Data excerpts:

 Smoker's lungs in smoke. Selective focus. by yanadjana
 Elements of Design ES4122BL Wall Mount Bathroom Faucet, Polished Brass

==

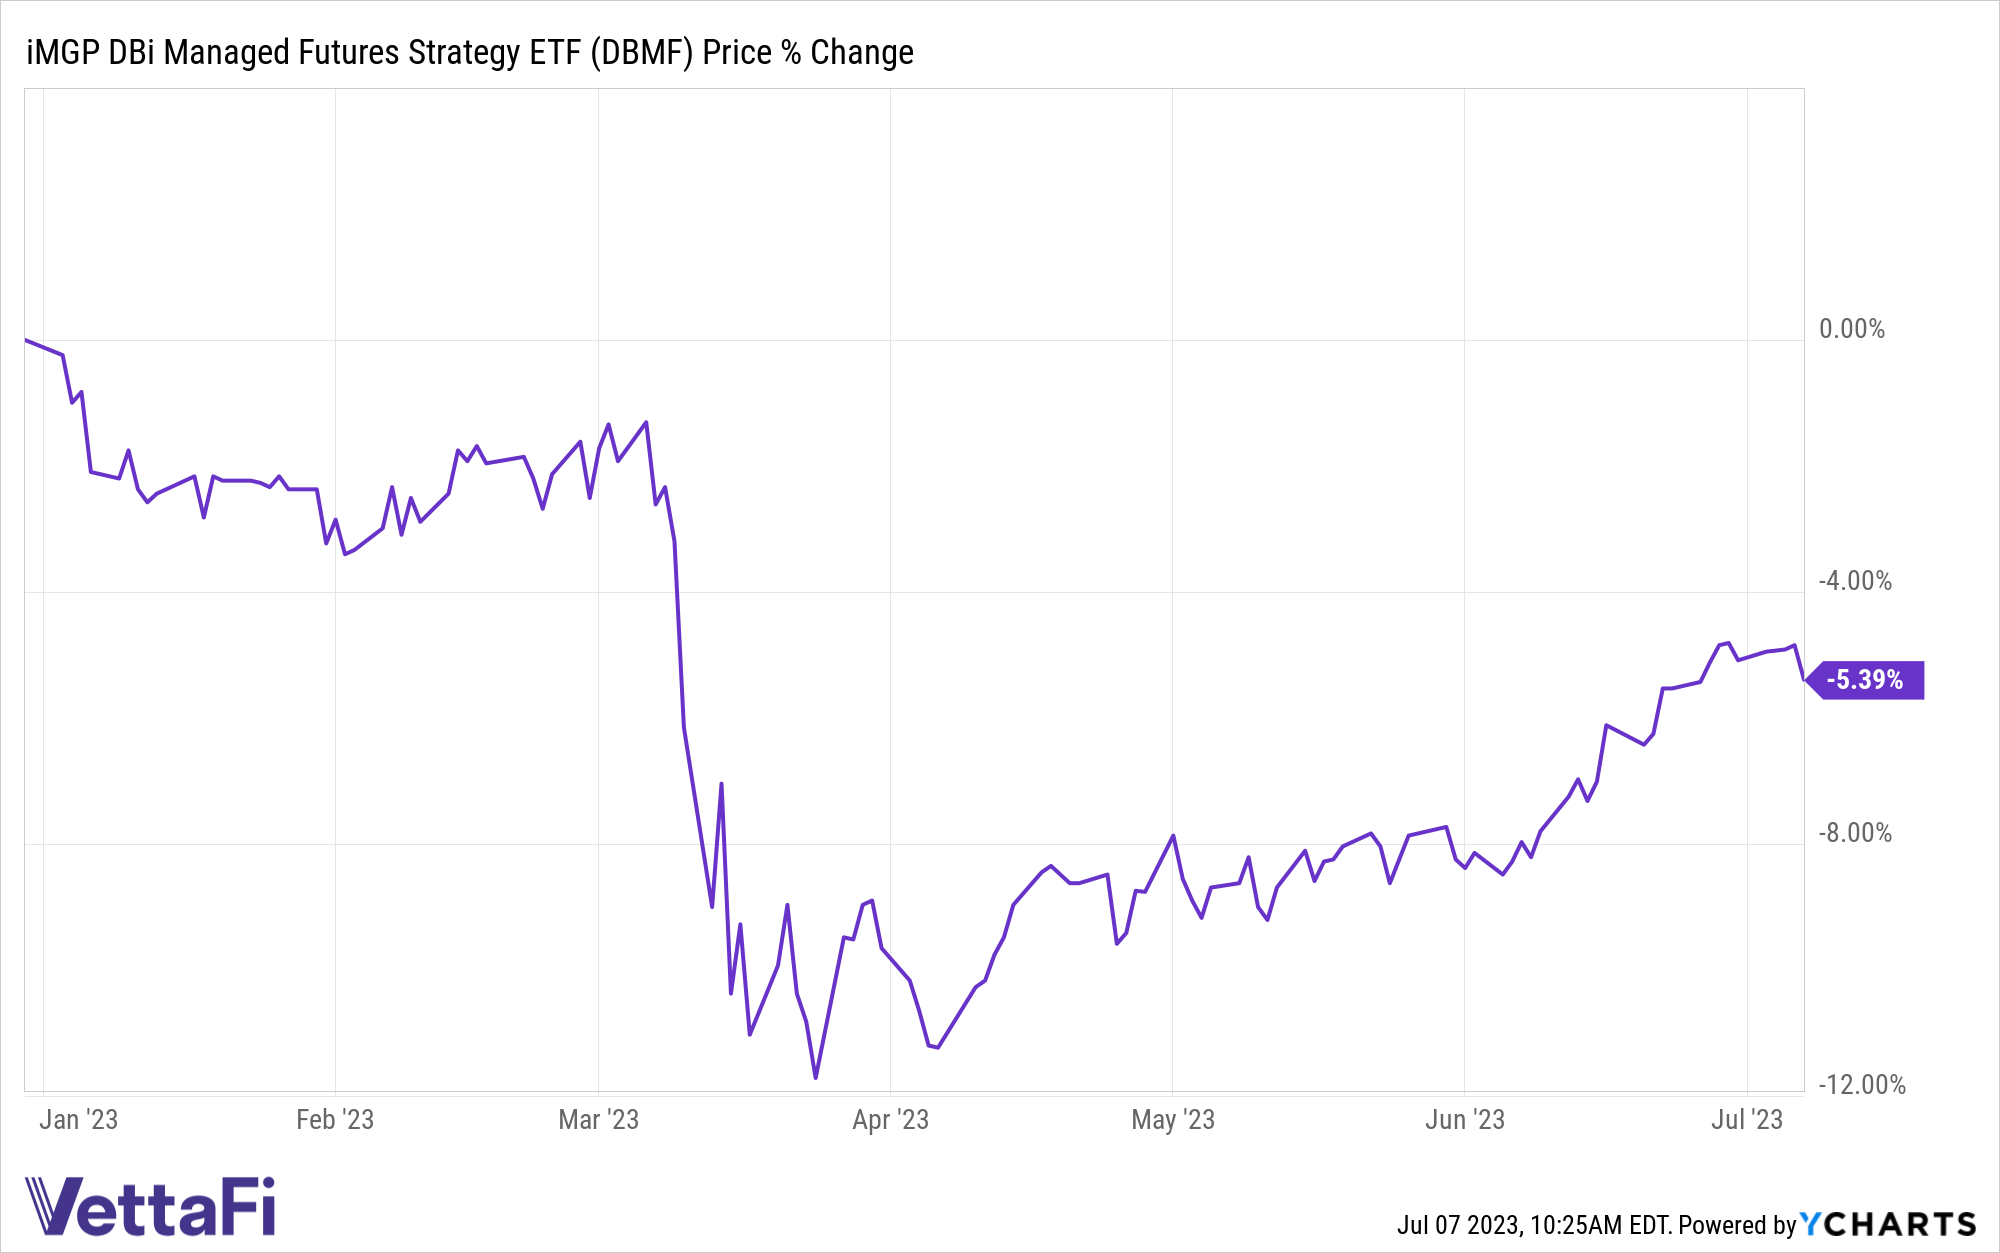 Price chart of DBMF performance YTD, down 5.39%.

...

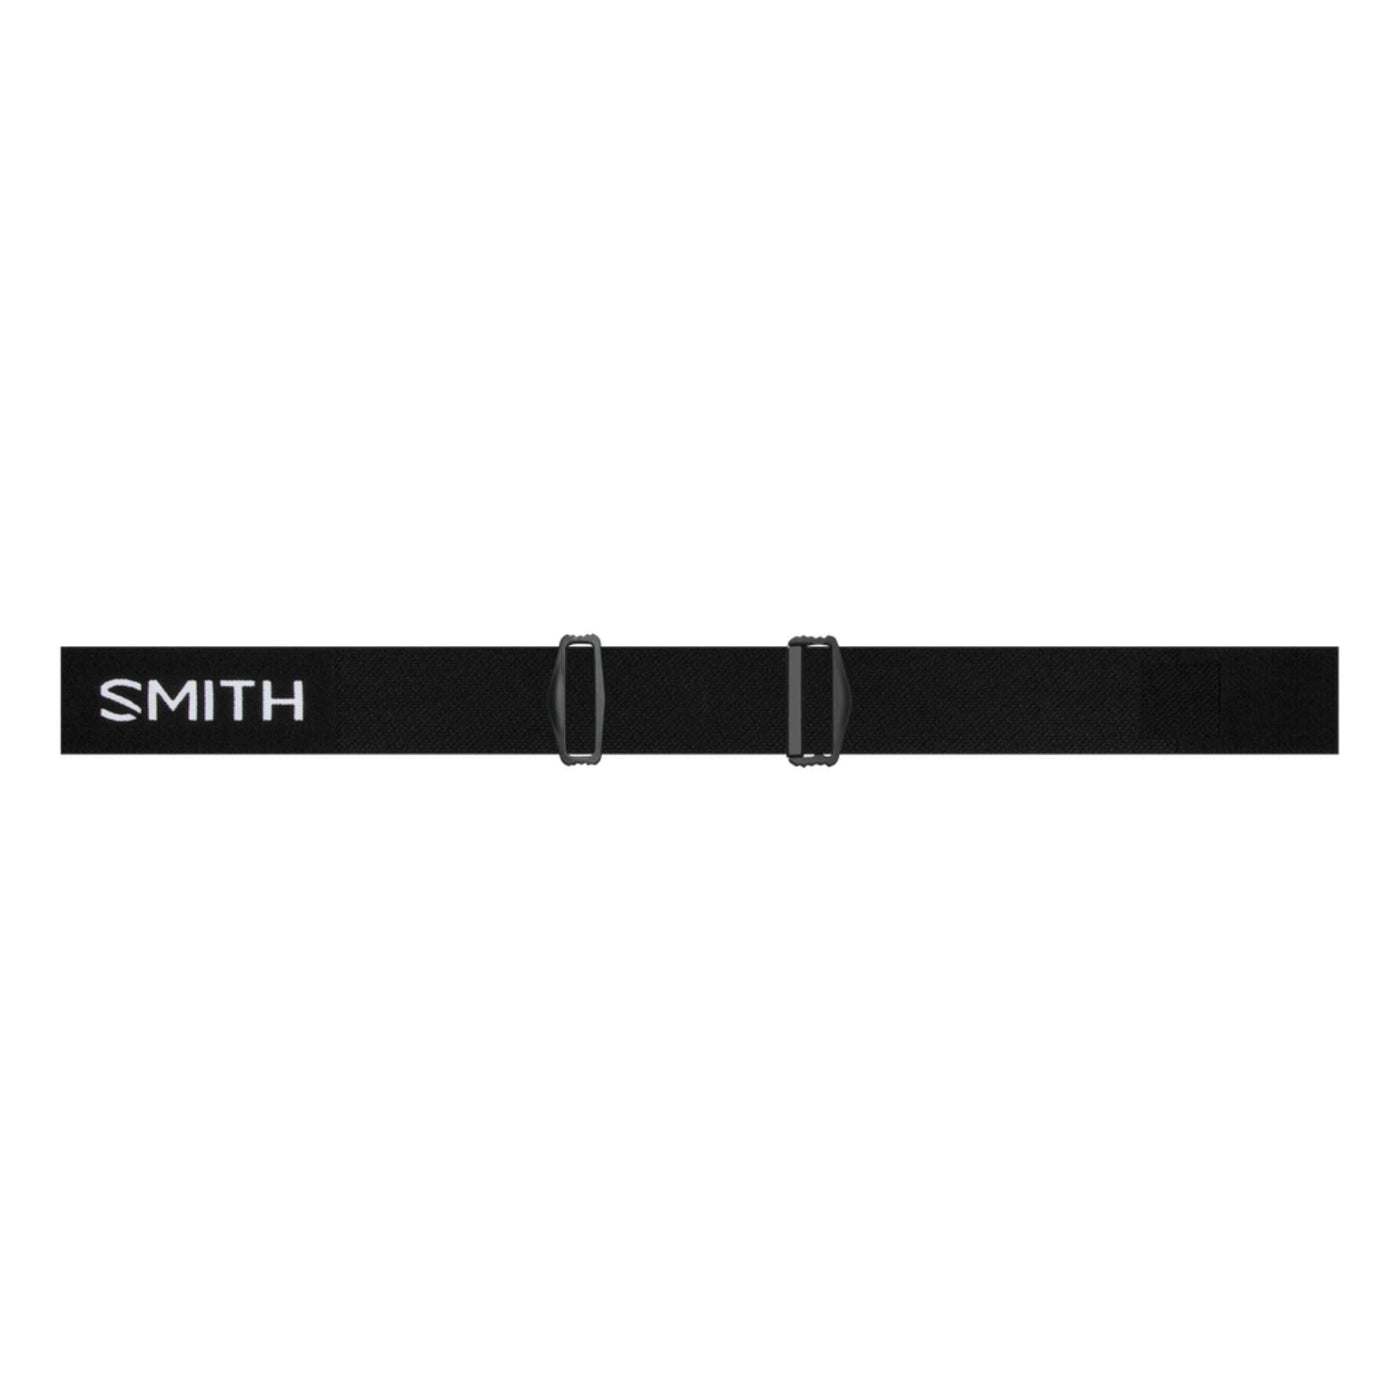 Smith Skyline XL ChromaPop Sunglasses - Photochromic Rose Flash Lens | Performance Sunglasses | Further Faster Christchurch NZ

Work task: Everything above from the line with "Smoker's lungs in" to the line with "Elements of Design", both included, must be repeated exactly, and nothing outside that range.

Output:
 Smoker's lungs in smoke. Selective focus. by yanadjana
 Elements of Design ES4122BL Wall Mount Bathroom Faucet, Polished Brass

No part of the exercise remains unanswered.